神経解剖を理解せず、よい手術はできない。という信念に基づき、更なる詳細な検討を重ねております。

<参考文献>

  1. Anatomical study of the trigeminal and facial cranial nerves with the aid of 3.0-tesla magnetic resonance imaging.Kakizawa Y, Seguchi T, Kodama K, Ogiwara T, Sasaki T, Goto T, Hongo K.J Neurosurg. 2008 Mar;108(3):483-90
  2. The course of the lesser petrosal nerve on the middle cranial fossa.Kakizawa Y, Abe H, Fukushima Y, Hongo K, El-Khouly H, Rhoton AL Jr.Neurosurgery. 2007 Sep;61(3 Suppl):15-23; discussion 23.
  3. Construction of a three-dimensional interactive model of the skull base and cranial nerves.Kakizawa Y, Hongo K, Rhoton AL Jr.

微小解剖 微小解剖

脊椎疾患

いま、脊椎脊髄疾患には、さまざまな器具を使用して、患者さんの負担を軽くしようとする治療が行われています。その一つが、ポリエーテル・エーテル・ケトン樹脂(PEEK)です。この素材は、チタン等の金属と比べて、放射線透過性に優れ、骨に剛性が近いために、脊髄疾患用インプラントに応用されています。様々な素材の組成を変え、より優れたPEEK製器具の開発を目標としています。

CFD

CFD (computational fluid dynamics)はコンピュータシュミレーションを用いた流体力学解析で、長野市にある信州大学工学部と共同で研究しています。

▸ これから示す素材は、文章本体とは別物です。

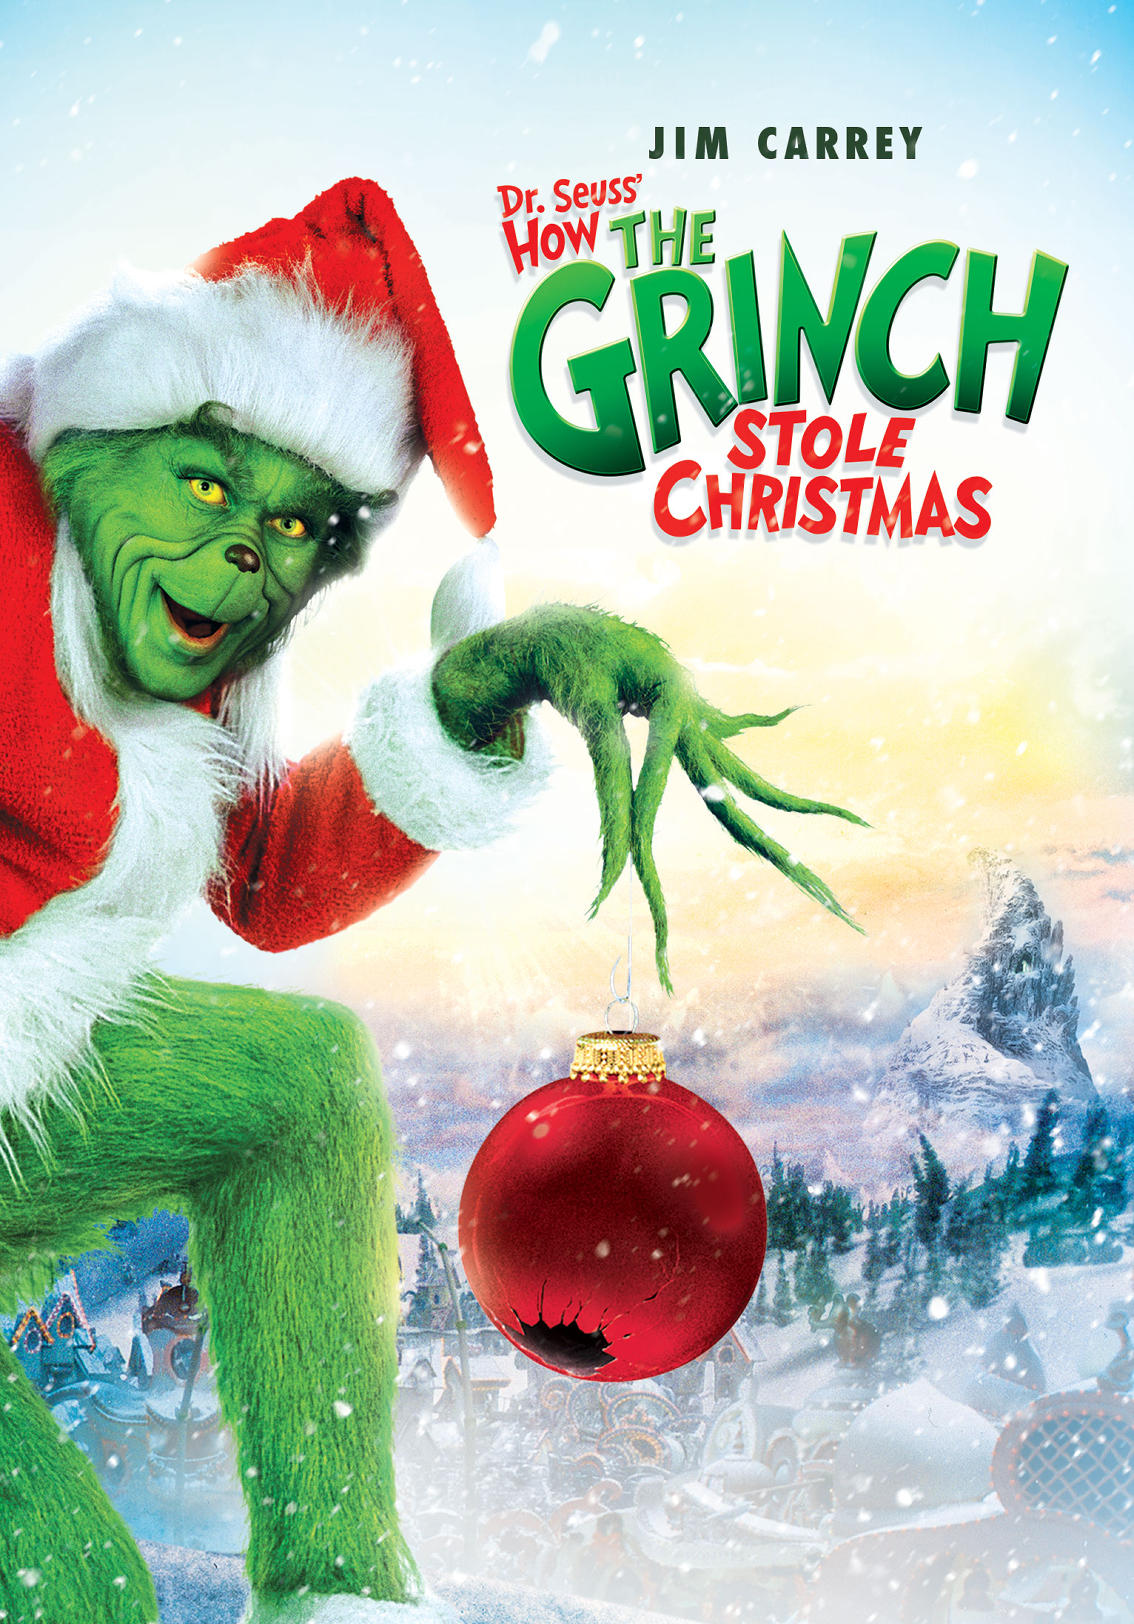 dr seuss how the grinch stole christmas book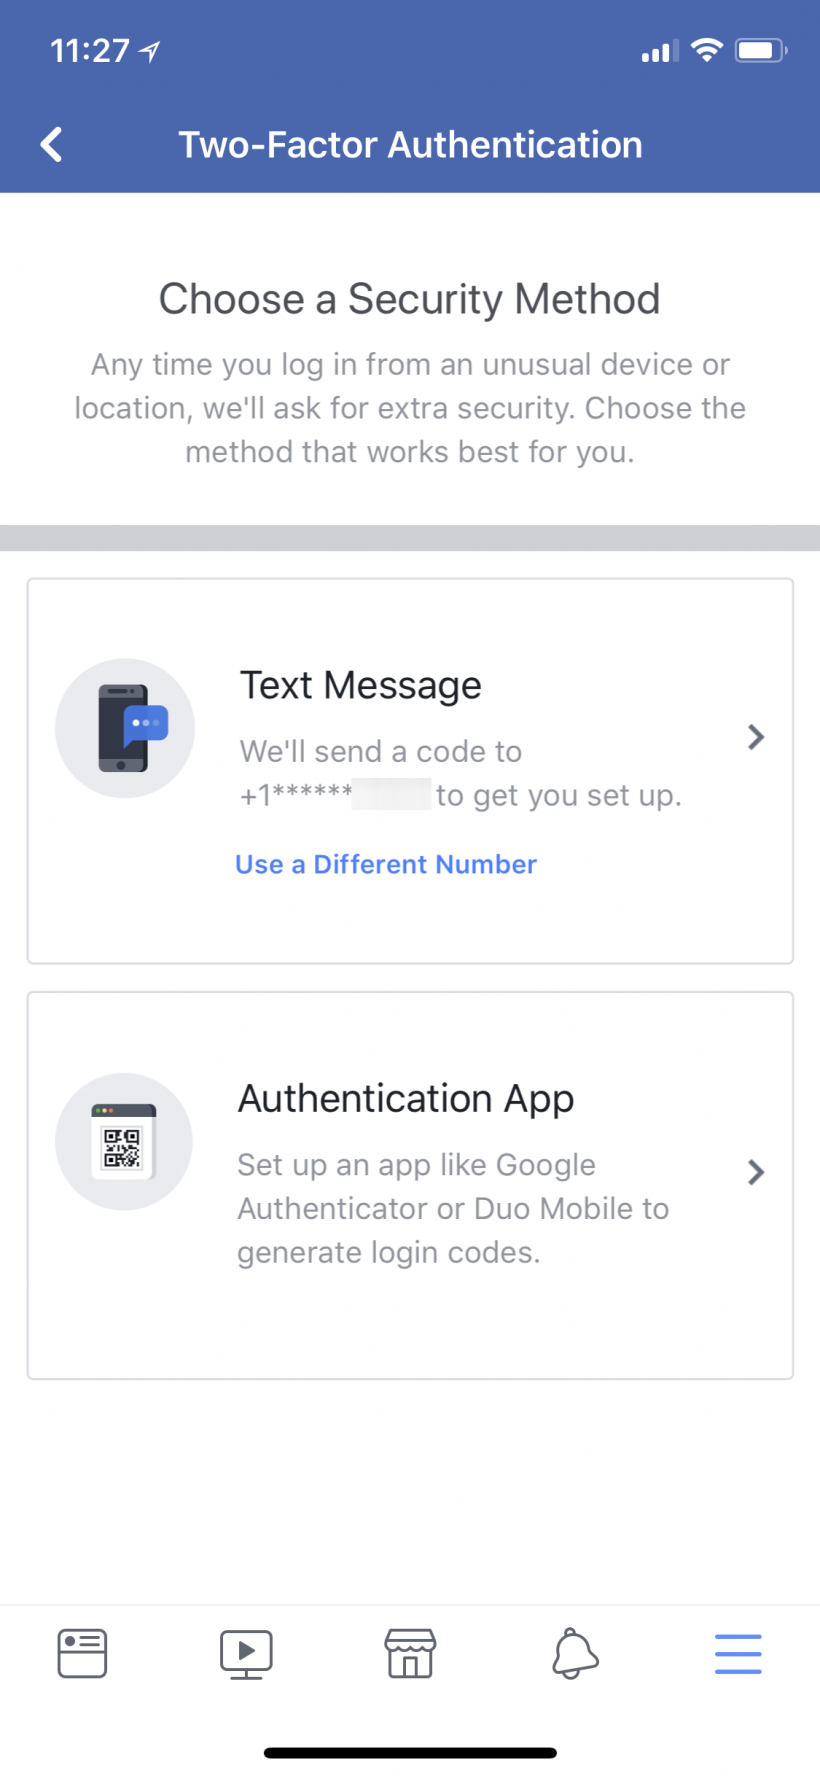 How to activate 2FA two-factor authentication on Facebook on iPhone and iPad.

特に脳動脈瘤に関する研究を主として行っており、3次元血管モデルおよび実症例のCTやMRI、脳血管撮影のデータを使用しCFD解析を行い、個々の脳動脈瘤における破裂しやすさを解明することを目的にしています。

実際の動脈瘤症例 実際の動脈瘤症例です。
データを専用ソフトを用いて変換しCFD解析を行います。
個々の動脈瘤におけるWall Shear Stressを測定することが可能です

3次元血管モデルでのstream line 3次元血管モデルでのstream line
動脈瘤内での血流方向がわかります

同動脈瘤にかかるWall Shear Stress 同動脈瘤にかかるWall Shear Stress(壁面せん断応力)を測定します。
近年、このWall Shear Stressと動脈瘤の発生、破裂との関連性が報告されています

神経再生

当学の人体構造学講座と共同し、ラットを用いた中枢神経軸索再生について研究を行っております。これまでに新生児ラットにおいて、嗅覚の主要伝導路である外側嗅索を切断しても成体ラットとなる4?8週後までの期間に神経線維が切断部を越えて再生すること、および機能的にも嗅覚が正常に維持されることを明らかにし、新生児ラット脳では脳内伝導路が形態的にも機能的にも自然再生されることを報告いたしました。
現在はこれを更に発展させて、嗅覚系自然再生ニューロンの定量解析を行っております。すなわち軸索切断された嗅球投射ニューロン(僧帽細胞)の総数を正常ラットの僧帽細胞数と比較検討し、何%のニューロンが自然再生するのか解析を進めております。併せて外側嗅索を切断するラットの日齢を変え、自然再生するニューロンの数が日齢によって変化(減少)するのか、減少するならばニューロンが自然再生可能な臨界期はいつであるか、等についても検討をしています。
僧帽細胞数の計測には現在最も信頼度が高いことが実証されている3Dステレオロジー解析装置を用いております。